Week Fifteen - 30/3/99-6/4/99

Steve's updates

A busy week but not particularly a productive week as far as data collection goes. I began the week by going to the airport to meet some visiting UK anthropologists. The following few days were spent mostly in the company of anthropologists in Rawalpindi, Islamabad and Bhalot. The one bit of genuine ethnographic data I managed to get was pretty sketchy-- I went to a tent pegging show in Taxila. I finished the week by trying the new Daewoo Express bus servie to Lahore on the new motorway.

I suspect I've had more contact with other anthropologists than most doctoral students in the field. Apart from regular email contact with several anthropologists I have been in steady contact with some other anthropologists here in northern Punjab. They have come to Bhalot and I have visited their field sites. In addition to that I have had visitors from England who have come to see Bhalot and meet the people I'm working with. When I left UKC to do my field work I wasn't looking for utter seclusion or some pristine condition with no contact from the 'outside' world (which is a good thing since this part of Punjab is well connected to the outside world in some ways), so these visits have not posed a problem in terms of interfering with my research. These last visits have however posed another sort of problem-- up till I spent this week with these friends from England I honestly felt almost no homesickness. Being with them however has made me remember all the good times I had with them back in Europe so now I sort of regret that their going away again. Unfortunately I'm also glad their going away again since talking about anthropology and data collection is not the same as doing it. I desperately need to get back to the doing of anthropology and not the talking about it.

The tent pegging was interesting. I could see the pomp and ceremony of centuries in the show. If I let my mind drift then I could have been sitting there at any time in the past few hundred years-- this could have been under the Mughal Empire, the Sikh Kingdom or the British Raj and I don't suppose it would have been significantly different (assuming I ignored the trucks and jeeps parked around the grounds). There were two women present at this function. One was with me-- a visiting anthropologist, the other was a woman everyone told me was Miss Annie from the Norwegian consulate. I found it very interesting that everyone seemed to know exactly who she was. I also commend her courage for going out into the 'male' domain seemingly so comfortably. I don't suppose she runs any real risk since she had guards with her but the stares are something most people find discomforting.
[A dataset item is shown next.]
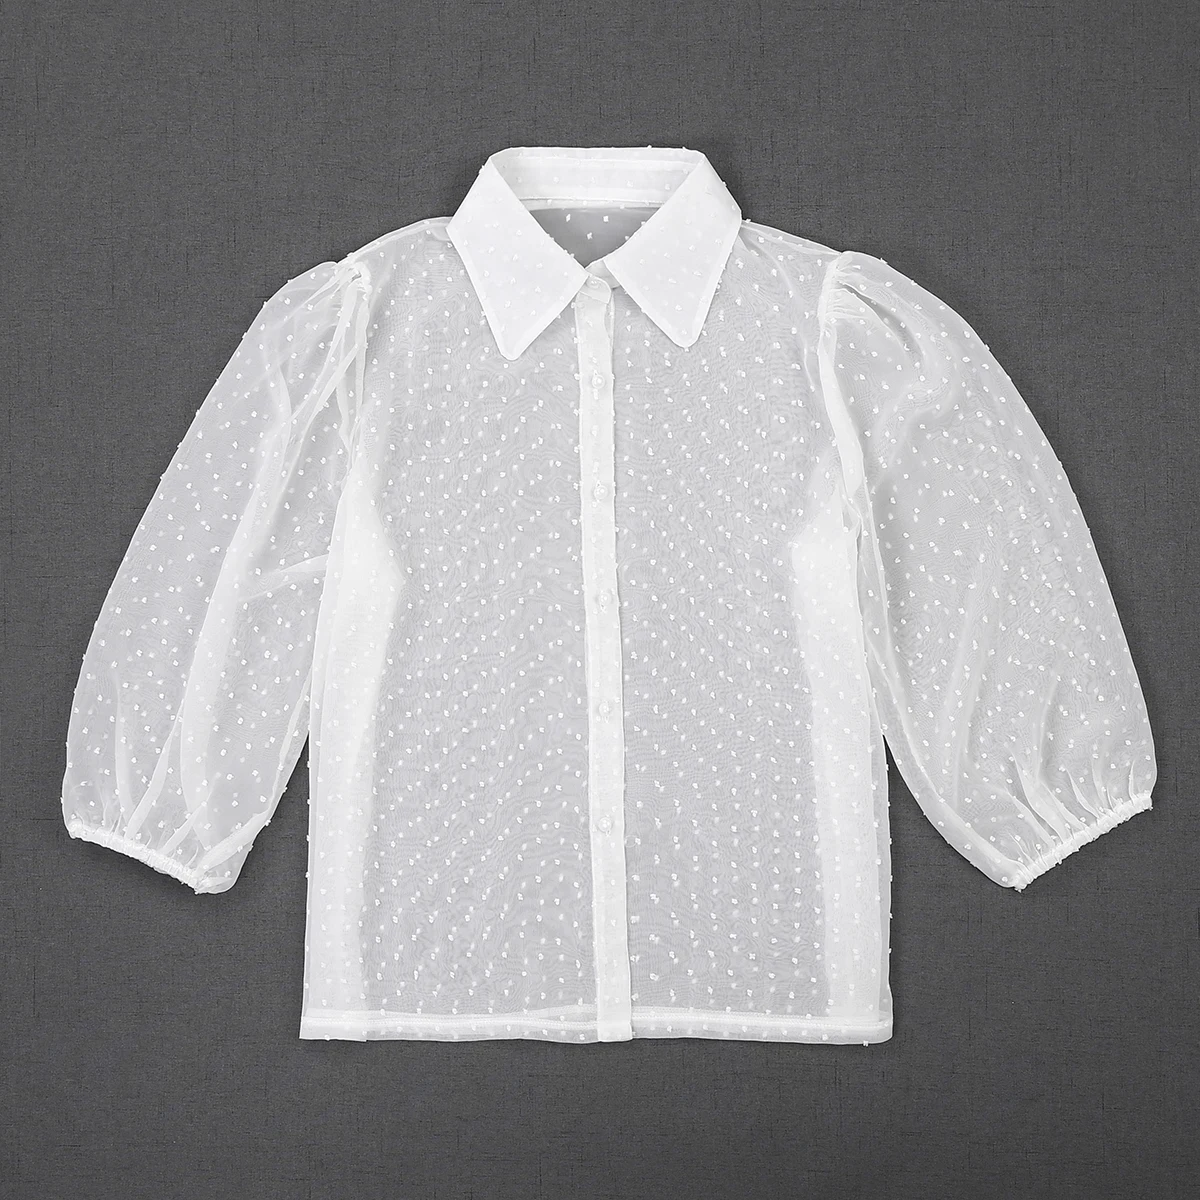 Женская прозрачная сетчатая рыбья блузка в сетку, модная блузка с коротким рукавом и воротником-стойкой, рубашки черного и белого цветов в горошек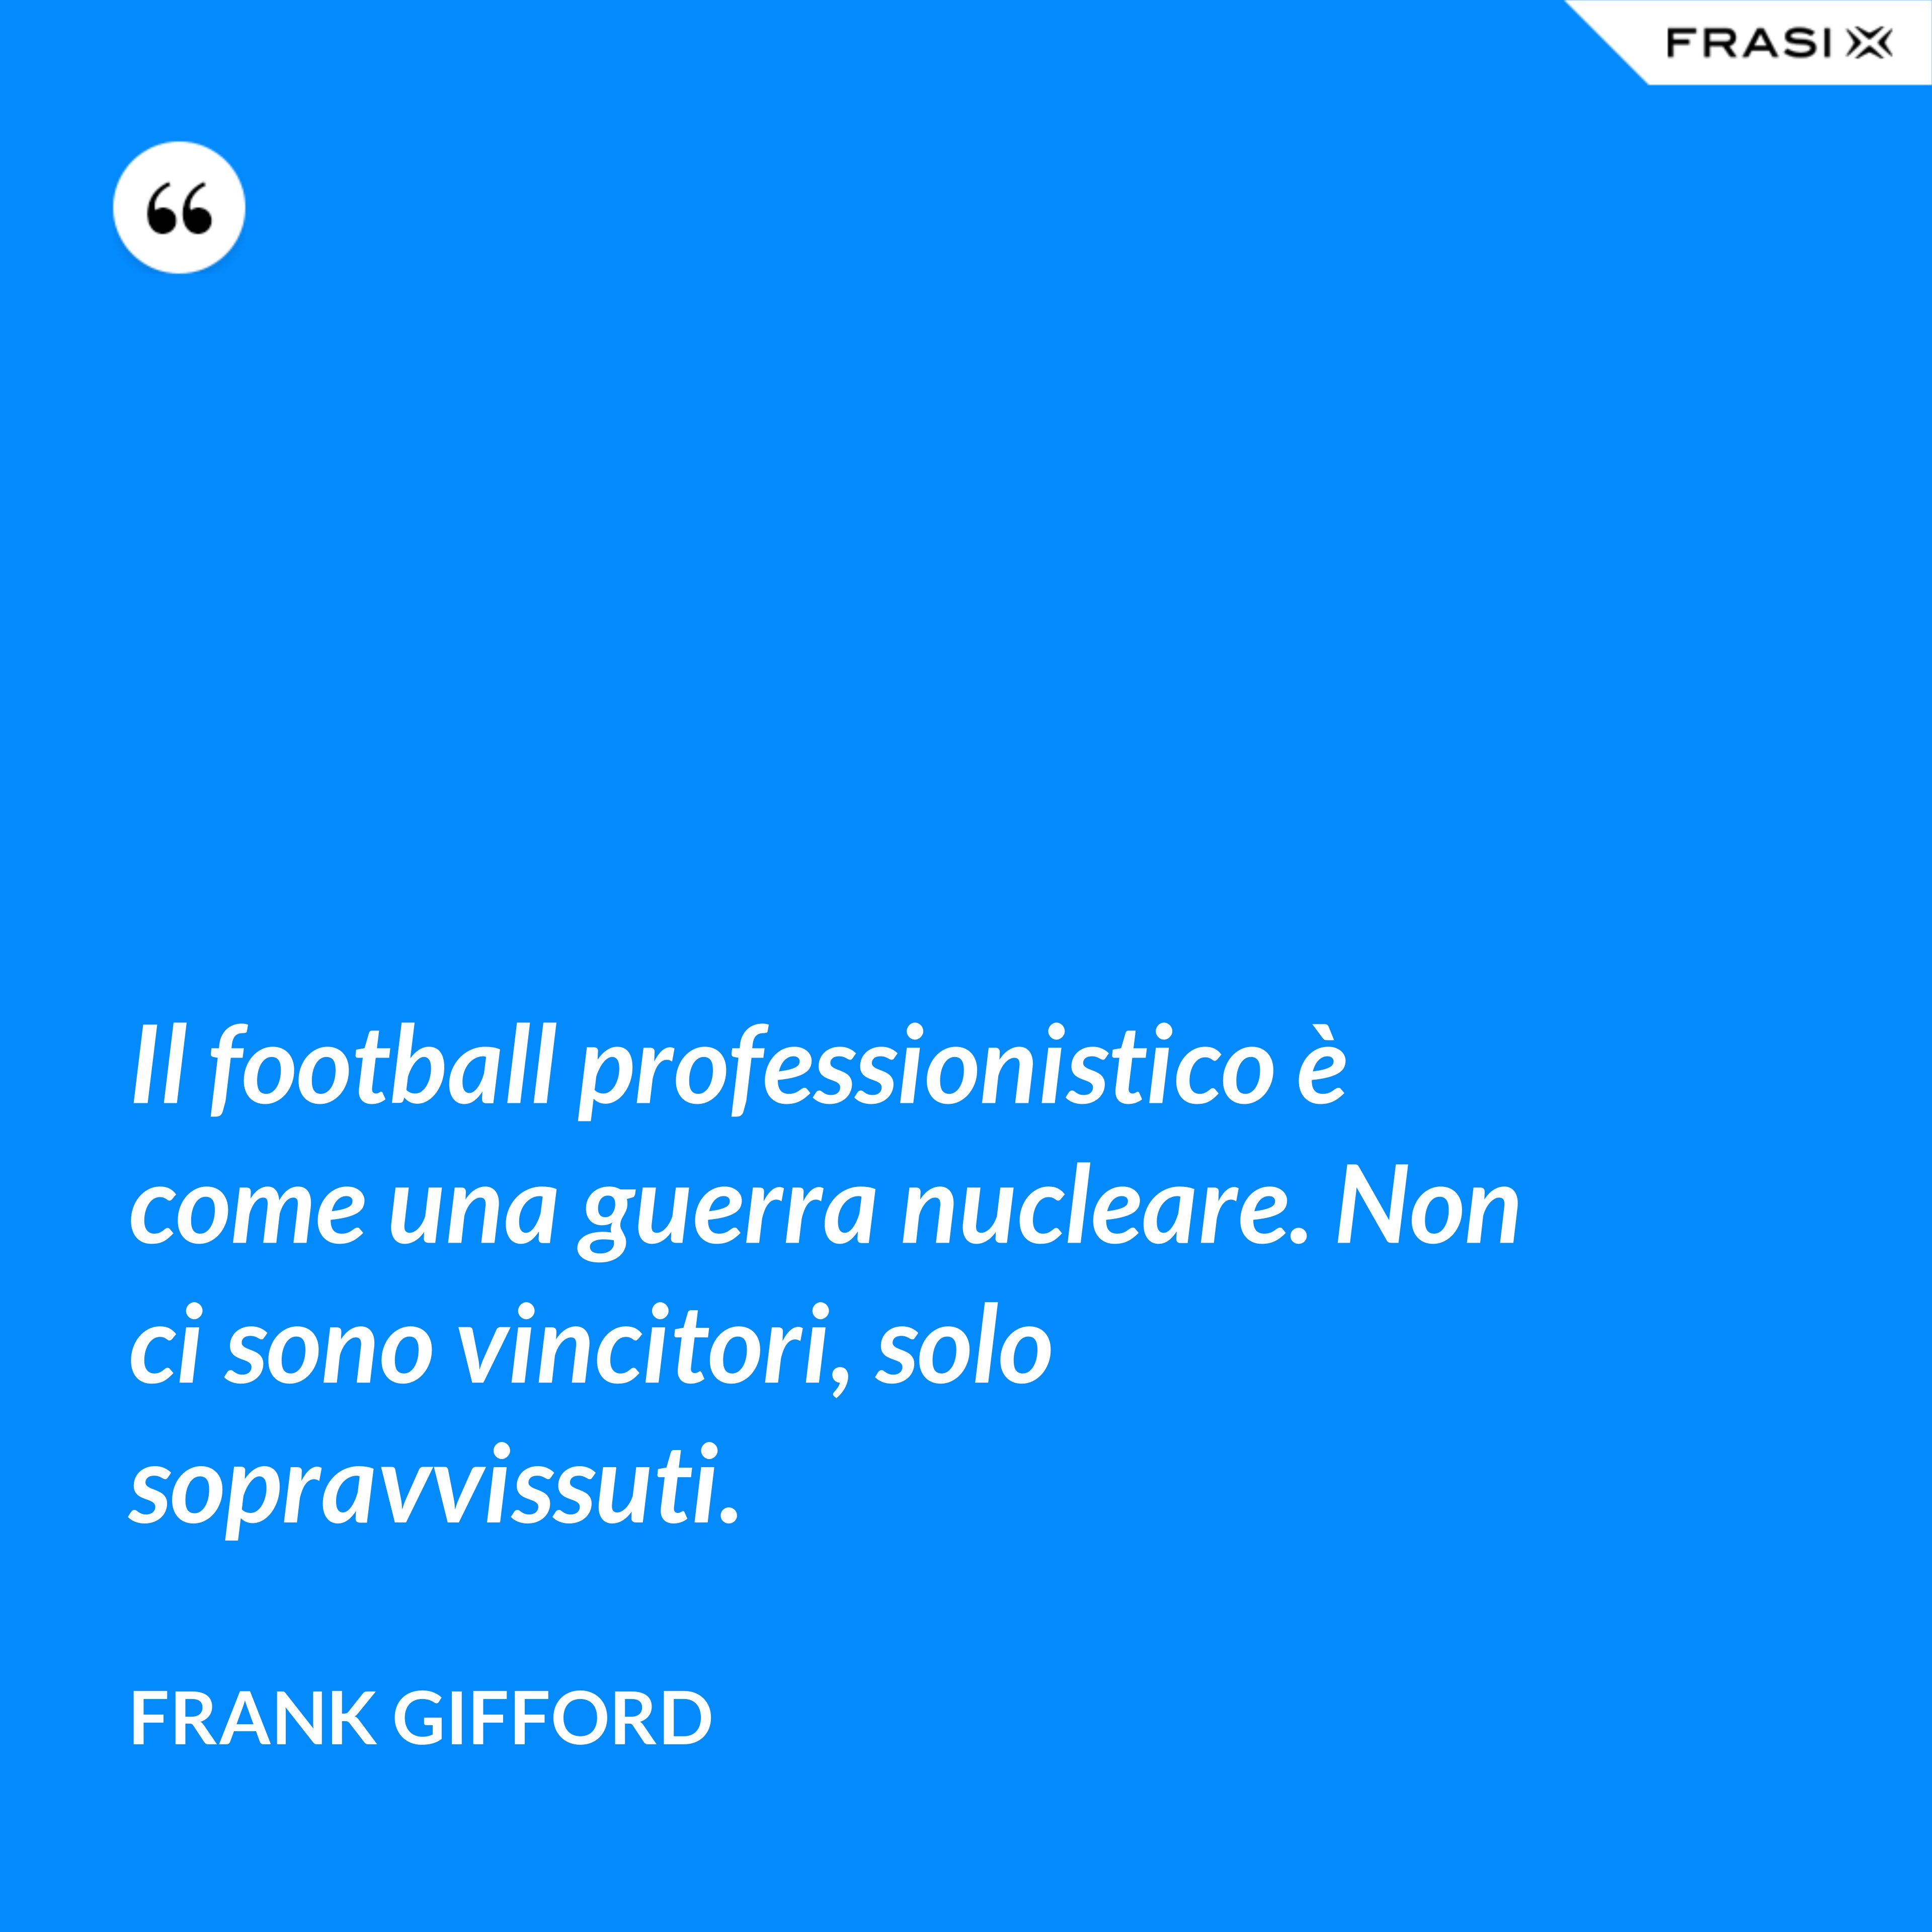 Il football professionistico è come una guerra nucleare. Non ci sono vincitori, solo sopravvissuti. - Frank Gifford

The woman anthropologist with me pointed out to me that although Miss Annie was in western clothes and she was in shalwar kameez there was not a significant difference in the way people stared at them. While I would encourage anyone going to the rural areas of Pakistan to wear shalwar kameez I must admit she has a point-- shalwar kameez doesn't really offer much protection from staring. When you are different (like being a woman in areas normally reserved for men) you will be stared at (normally nothing more than staring but the staring can be intense). I get stared at but increasingly people either know who I am (in Taxila and Bhalot especially-- but also in parts of Pindi) or they're not sure whether I'm Pakistani or not. I don't look Pakistani if I'm in western clothes but in shalwar kameez I could be someone with Central Asian ancestry. These days people often assume my bad Urdu/Punjabi is because I'm really a Pushto speaker. When they discover that I don't speak Pushto well either then they realize I'm something else. It was useful to have a woman accompany my group to the tent pegging because it reminded me about the staring.

I went to Lahore with another anthropologist. The idea was to see another anthropologist in action. We took the new Daewoo Express bus service from Pindi to Lahore. Everyone had told me it takes 4 hours. I didn't really believe them since I've noticed that people seem universally to shave time off of voyages for some reason. We were close to 4 hours however. It took 4 hours to get to the city limits of Lahore and then another half an hour to get to the bus terminal. Much better than the 6 hours it takes to take the GT road. Yet again I was struck by the unpleasantness of Lahore upon arrival. I know everyone seems to fall in love with this city because it's historical and has beautiful buildings but when I go there what I see is a city that has more beggars, slicker conmen, ruder taxi drivers and more aggressive drivers than Islamabad and Pindi (not that those cities are picture perfect by any means). I think Lahore falls into the same trap as London and New York. Basicly it's a hard place to live and so people have hardened themselves somewhat in order to survive. I enjoy my time there but I'm always glad to leave.

This week's update is not one of my prouder moments. I let time slip away from me and didn't get much done. So I resolve to work that much harder once I'm back in the village.